MATERIALS AND METHODS
Experimental details: Field experiment was conducted in 2013-2014 at the Shoushtar Branch, Islamic Azad University, Iran (32° 3' N, 48° 50' E). The climate is arid and semi-arid with a mean annual rainfall of 321.4 mm and the average of annual minimum and maximum 9.5°C and 46.3°C, respectively. The soil was a clay loam texture, pH of 7.4, soil electrical conductivity was 3.2 dSm–1 and 0.4% organic matter content. The available phosphorous and potassium were 10.4 and 155 ppm respectively. The experiment was performed according to the spilt-plot design with four replications assigning the seed rate randomly in the main plots, while the different doses of haloxyfop-R-methyl in the sub plots. Plot size was 5.0 m×5.0 m.

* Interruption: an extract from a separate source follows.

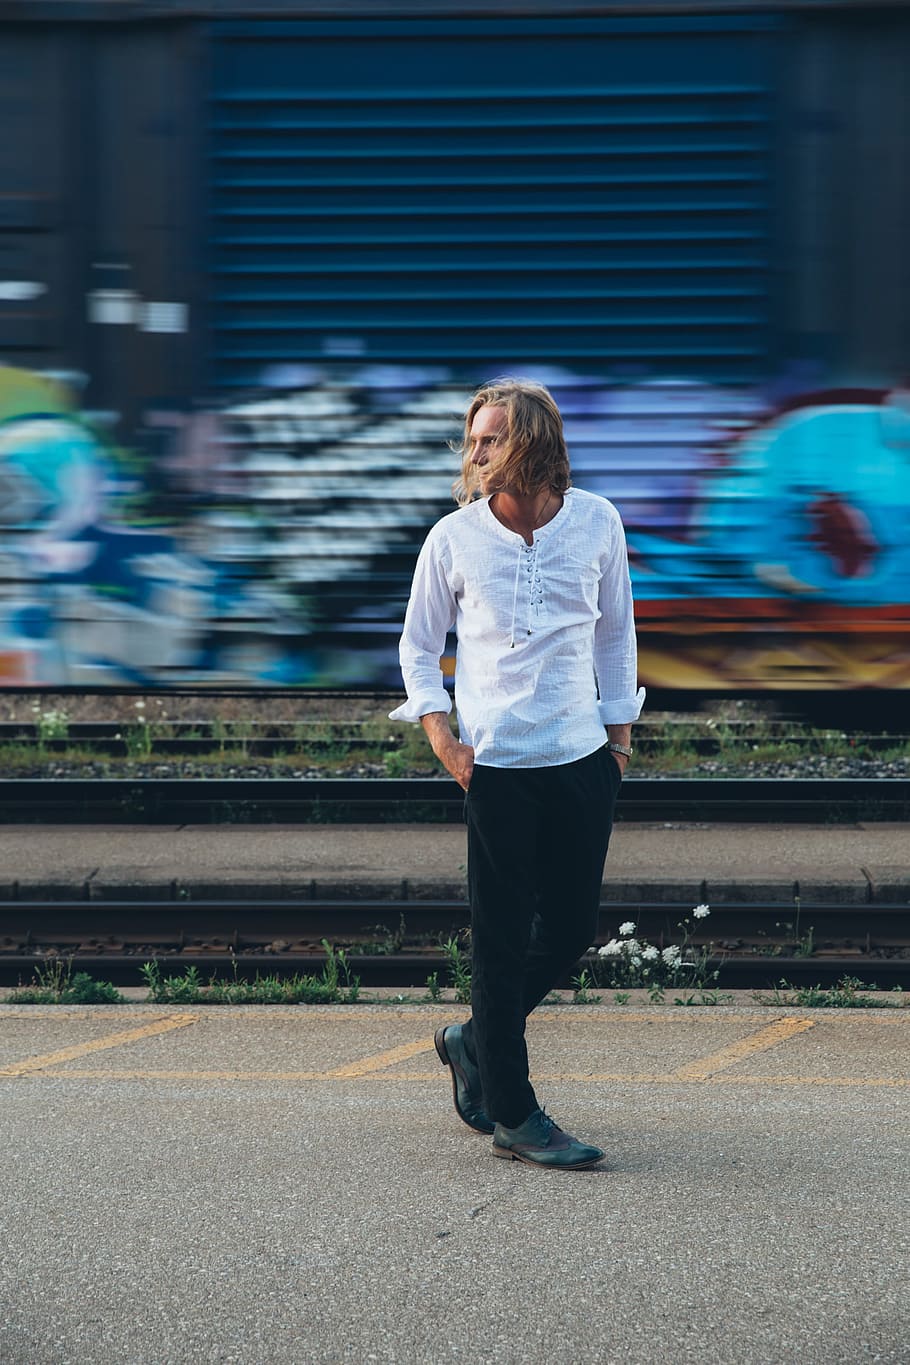 A fashionable man walks by train tracks with graffiti in the background, HD wallpaper

The experiment was composed of two factor namely seed rate having 3 treatments: 15, 25 and 35 kg ha–1 and herbicide regime having four treatments; 0, 0.4, 0.8 and 1.2 L ha–1. Herbicide applications were made to 2-3 trifoliate leaf broad beans with a CO2-pressurized backpack sprayer calibrated to deliver 200 L ha–1 of spray solution at a pressure of 200/240 kPa using low drift nozzles (ULD120- 02, Spraying Systems Co., P.O. Box 7900. Wheaton, IL 60188). The boom was 2.5 m wide with six nozzles spaced 0.5 m apart.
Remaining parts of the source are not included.